Akhirnya, kehidupanku normal saja setelah kelahiran. Seperti ibu-ibu rumah tangga lainnya yang mengurus keluarga dan rumah. Aku tidak menyangka akan seperti ini, tapi aku bersyukur, mengingat semua yang pernah kulakukan selama aku lajang, rasanya ini sulit dicapai.
Kebahagiaan ini, rasanya begitu tidak nyata, tapi sekali lagi, aku sangat bersyukur atas apa yang telah terjadi.

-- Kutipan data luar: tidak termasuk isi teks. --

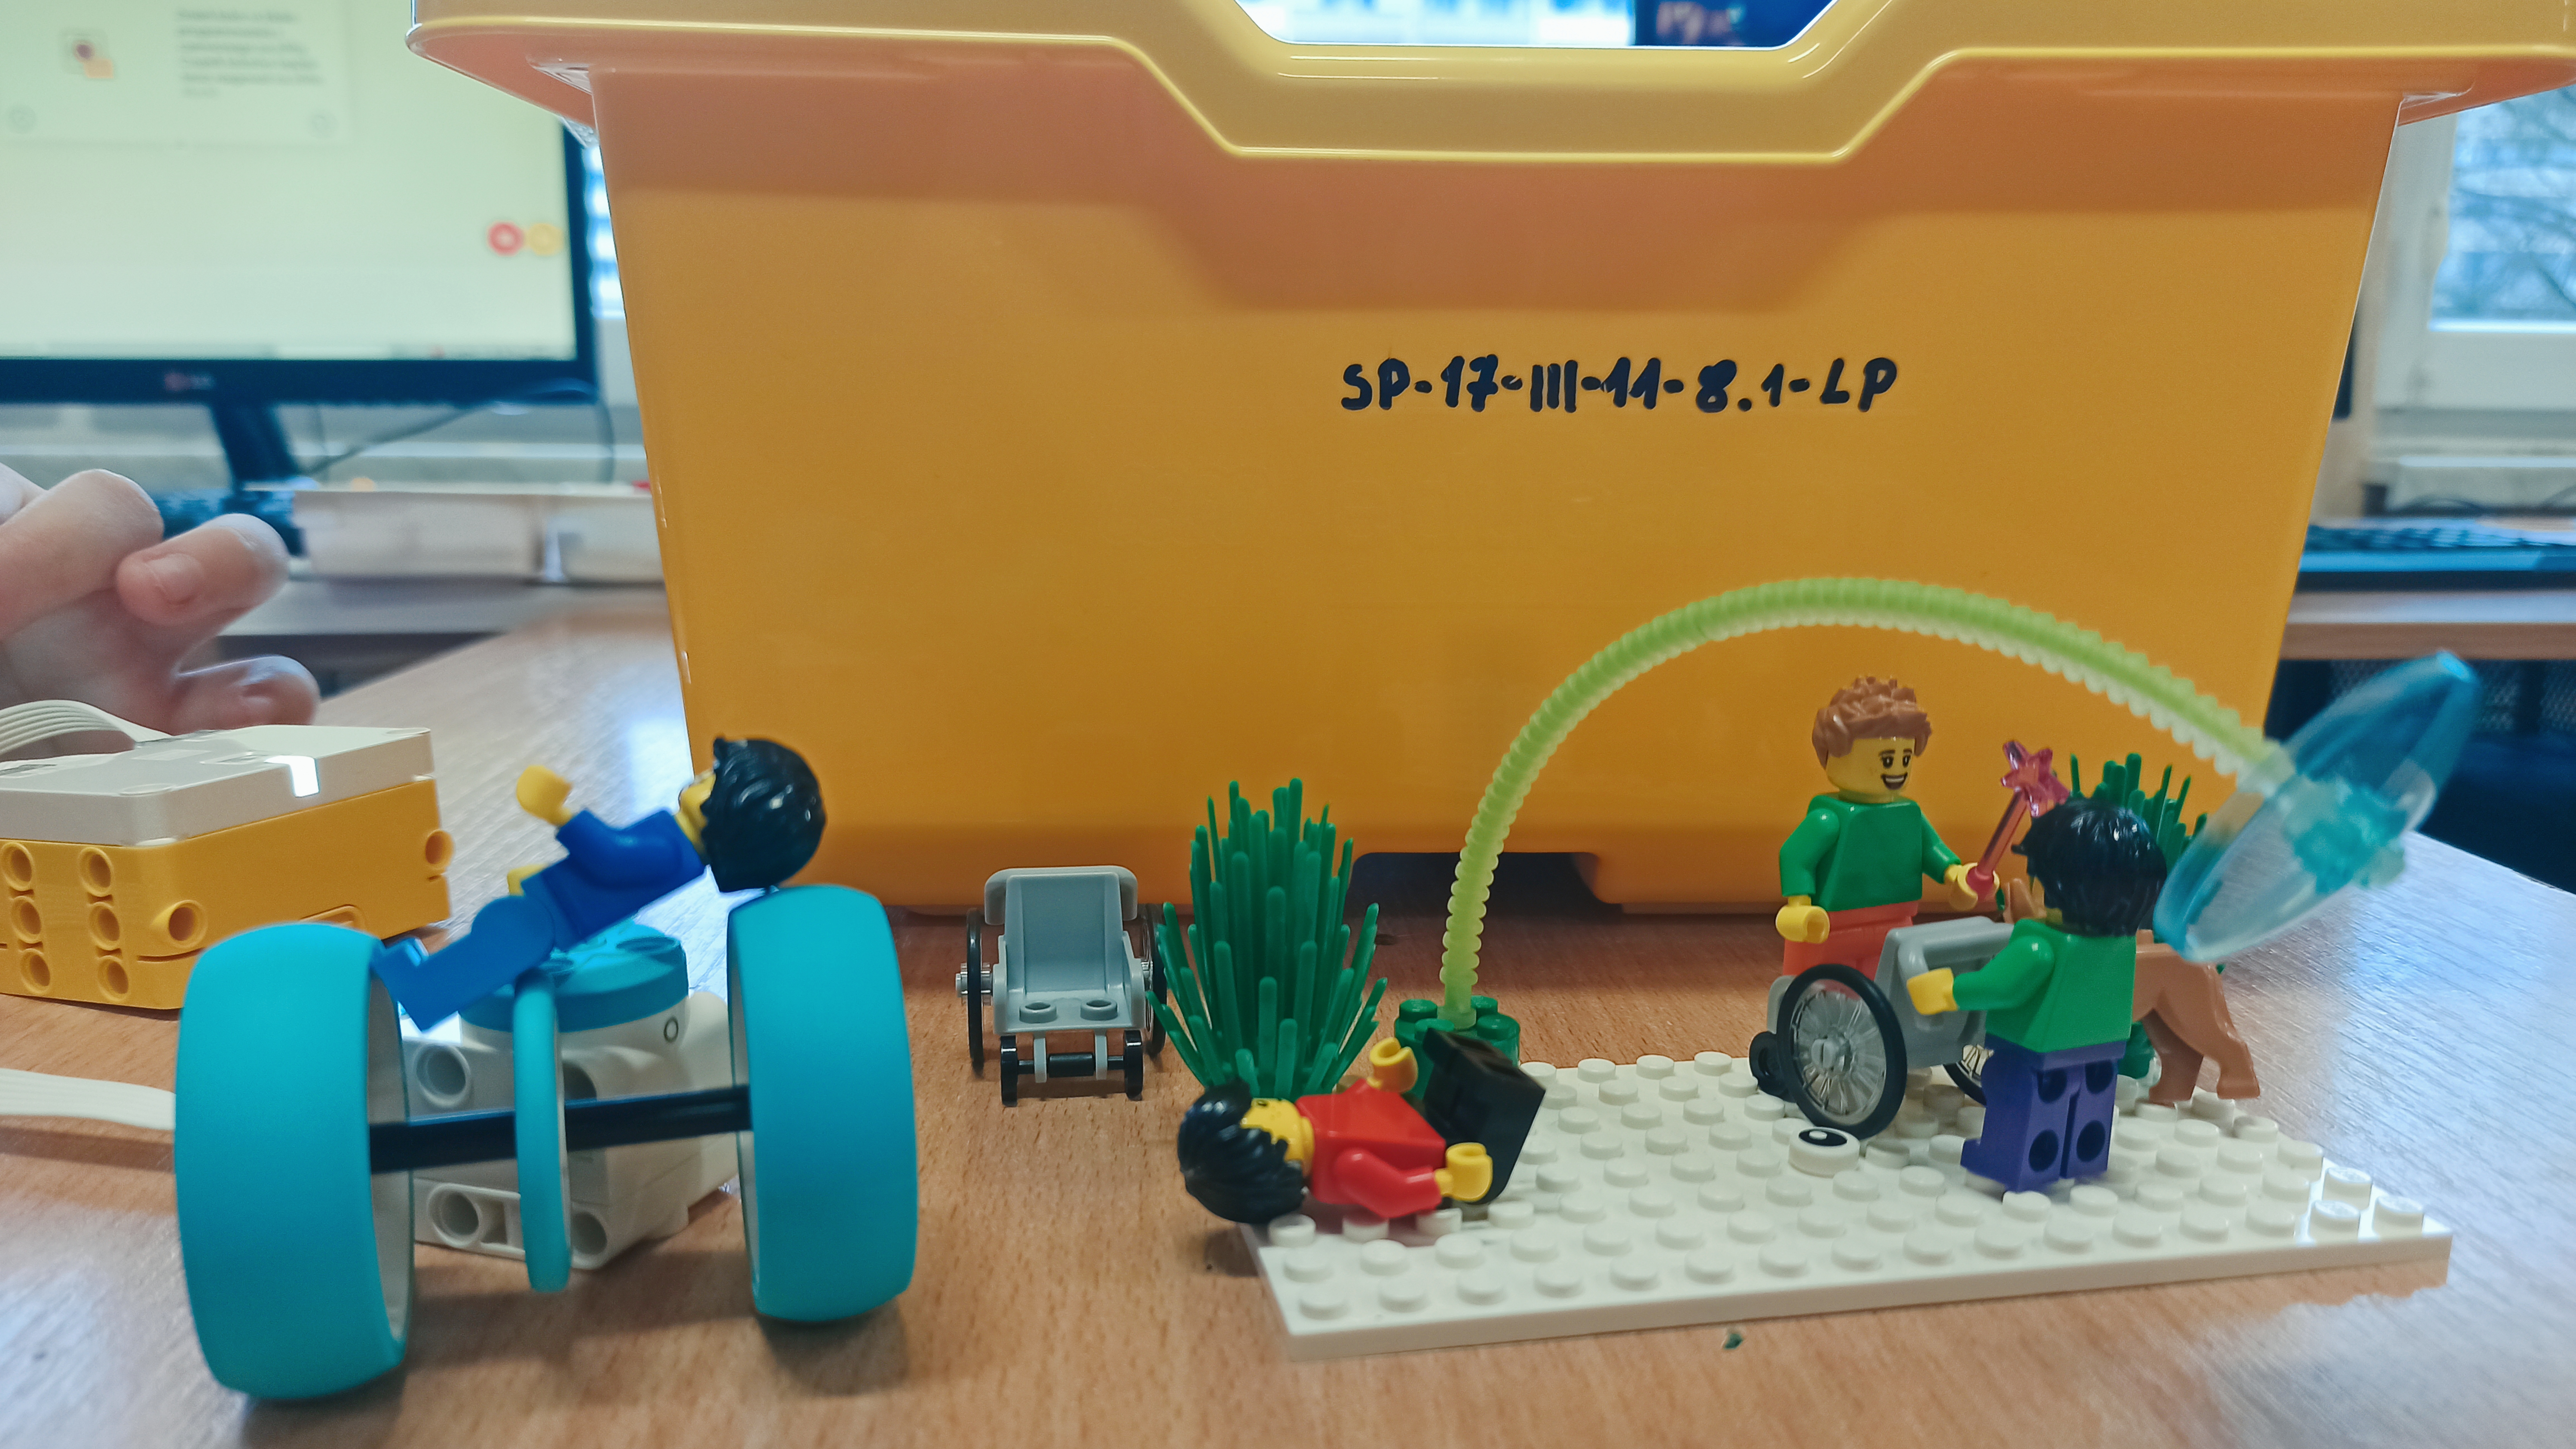 Zdjęcie przedstawia elementy zestawu LEGO SPIKE

Kedua anakku, pertama laki-laki, Mama Hana memberinya nama Vino. 10 menit kemudian, anak keduaku lahir, tanpa basa-basi, Mama Zara memberinya nama Vani.
Aku yang sedang tidak memikirkan nama pun hanya menyetujuinya, lagi pula itu sudah bagus.
The end
.......
Holaa readers 😃😃
Finally i have to finish this novel🥳🥳. It's like dream😫
Aku ga rela sih, secara ini novel pertama aku, di Noveltoon, sekaligus di kehidupanku. Hehe. Tapi ya mau gimana? Kalo disambungin terus, udah mentok. Lagian tugas author juga udah makin numpuk.
I wanna say THANK YOU SO MUCH FOR ROYAL AND LOYAL READERS. Without you all, aku ga ada apa-apanya. Makasi udah nungguin, makasi, pokoknya makasi.